Children's Barn Dance

Morris Dancing

Chinese Dance

Arabic Belly Dancing

Appalachian Step Dance

Street Dance

Salsa

Jive

Ceilidh Dancing

Felt making

Clay figure sculpting

Art

Sugar Craft

===Film===
"Flick in the Sticks" was the first major event of the festival. The event included locally made films shot in the town, or by residents of the town. Other films included Waiting in Rhyme starring John Alderton and Les Dennis and Expresso starring Norman Wisdom.

===Poetry===
"The Poetry Train" was a night of poetry readings conducted by local and international poets.
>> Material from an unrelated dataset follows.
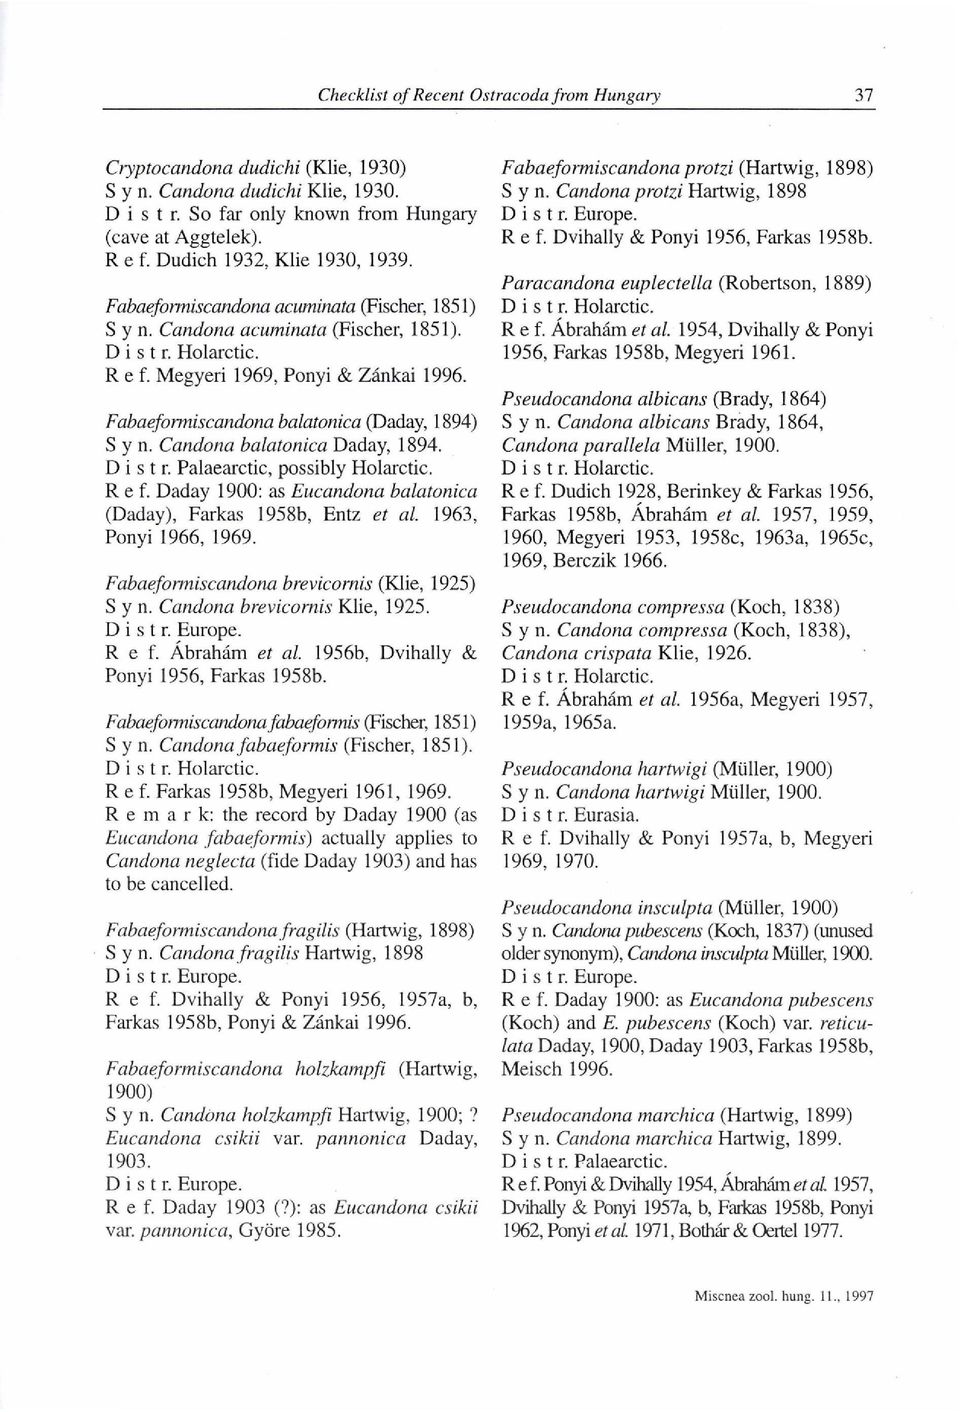 Candona balatonica Daday, 1894. Distr. Palaearctic, possibly Holarctic. Ref. Daday 1900: as Eucandona balatonica (Daday), Farkas 1958b, Entz et al. 1963, Ponyi 1966, 1969.

These included: Olugbala Kokumo, Dreadlockalien, SPOZ, Simon Pitt, Fatima Al Matar, Rattan Reehal, Stephen Morris and Tony Stringfellow.

===Art===
During the festival, the town became an Art Gallery as artwork produced by local artists was displayed in the windows of local businesses to form an art trail. Larger exhibitions were set up in St Andrew's Church, Trinity Methodist Church and the Old Fire Station.

A photographic exhibition was also established.

===Music===
A number of music events were staged throughout the week. These included a performance called "Little Big Time Band" by the City of Birmingham Symphony Orchestra and local choir groups from in and around the town.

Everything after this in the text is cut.